===== WORKING DATA =====

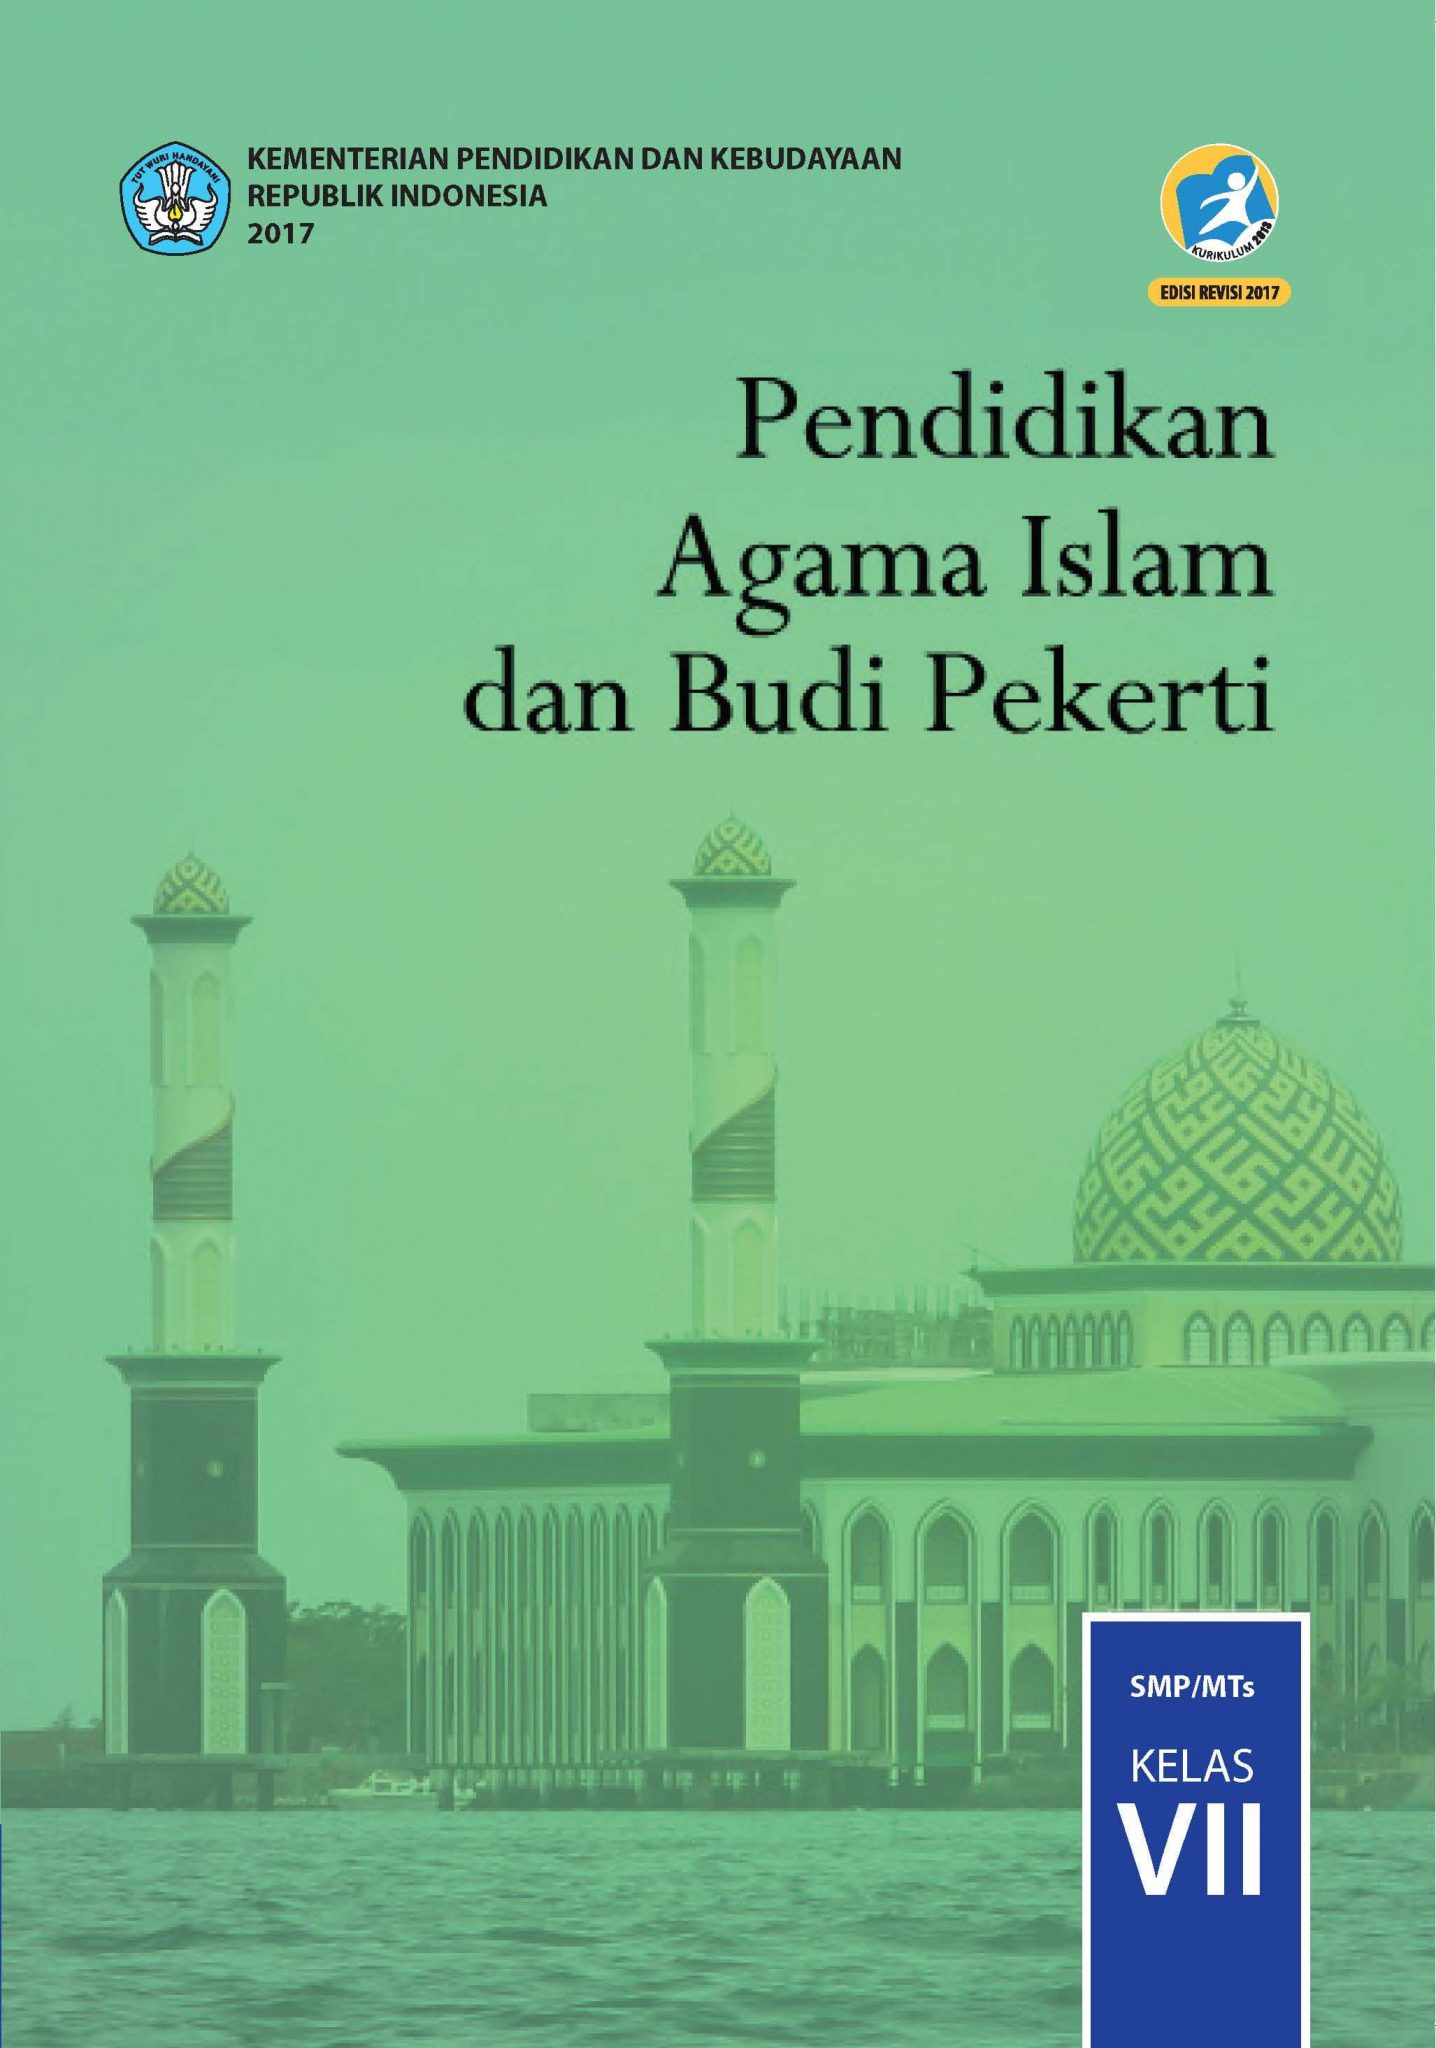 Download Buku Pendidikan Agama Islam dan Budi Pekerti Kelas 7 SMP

=====
===== WORKING DATA =====

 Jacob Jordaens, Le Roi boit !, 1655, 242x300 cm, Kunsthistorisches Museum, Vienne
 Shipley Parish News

=====
===== WORKING DATA =====

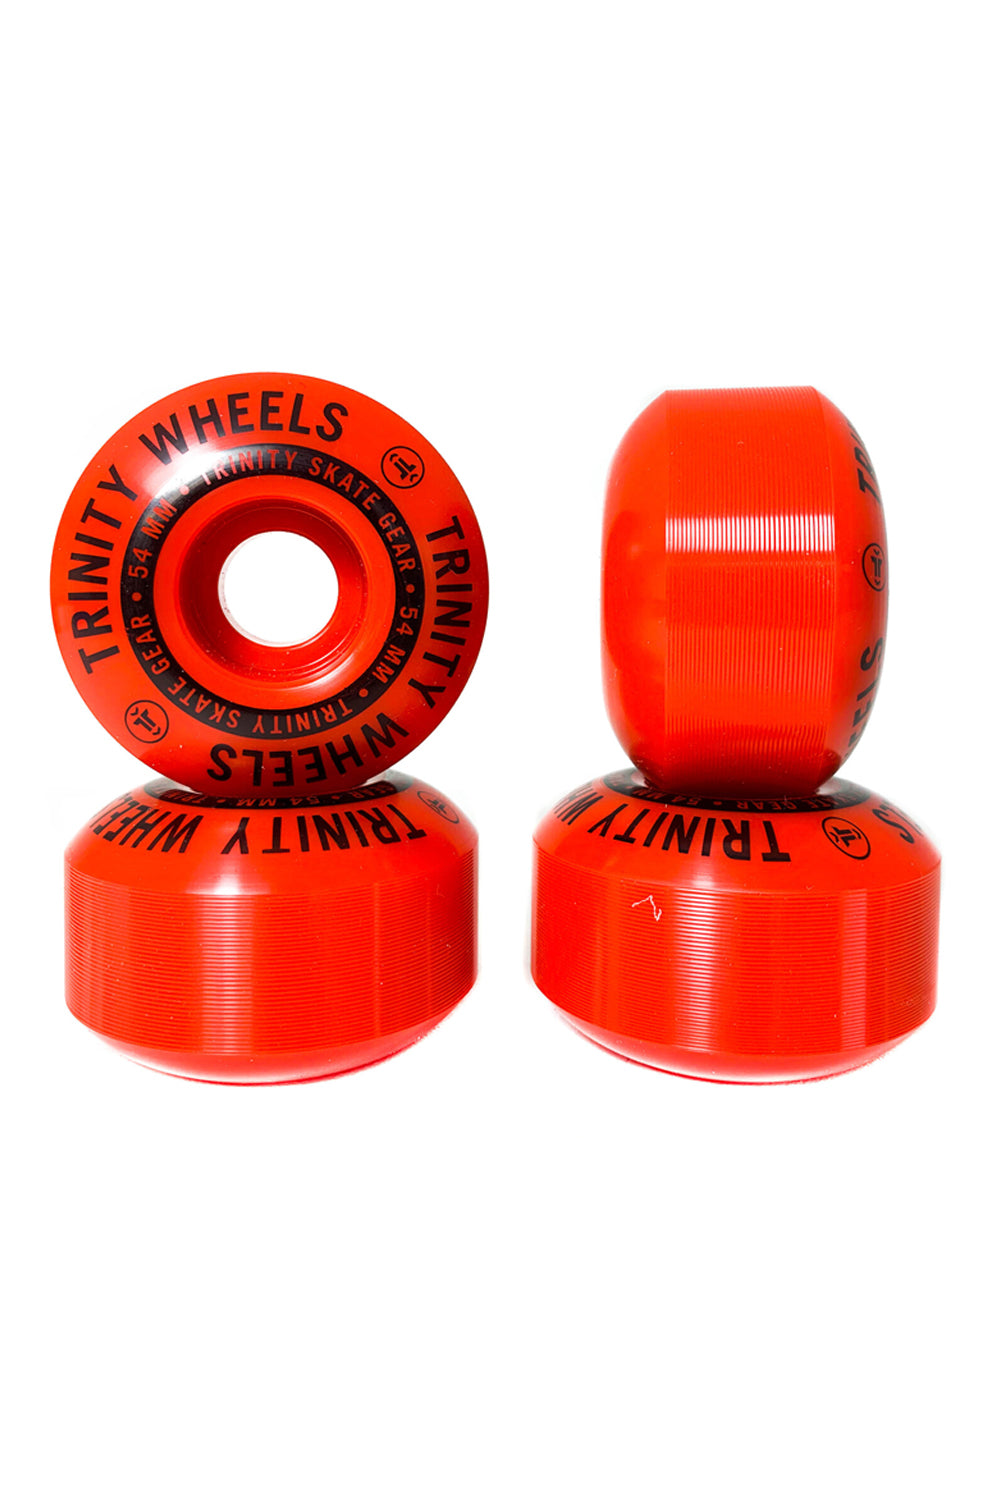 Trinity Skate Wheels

=====

Within the listing above, extract exactly the lines from the line with "Jacob Jordaens, Le" to the line with "Shipley Parish News", the two named lines included, and no others.

 Jacob Jordaens, Le Roi boit !, 1655, 242x300 cm, Kunsthistorisches Museum, Vienne
 Shipley Parish News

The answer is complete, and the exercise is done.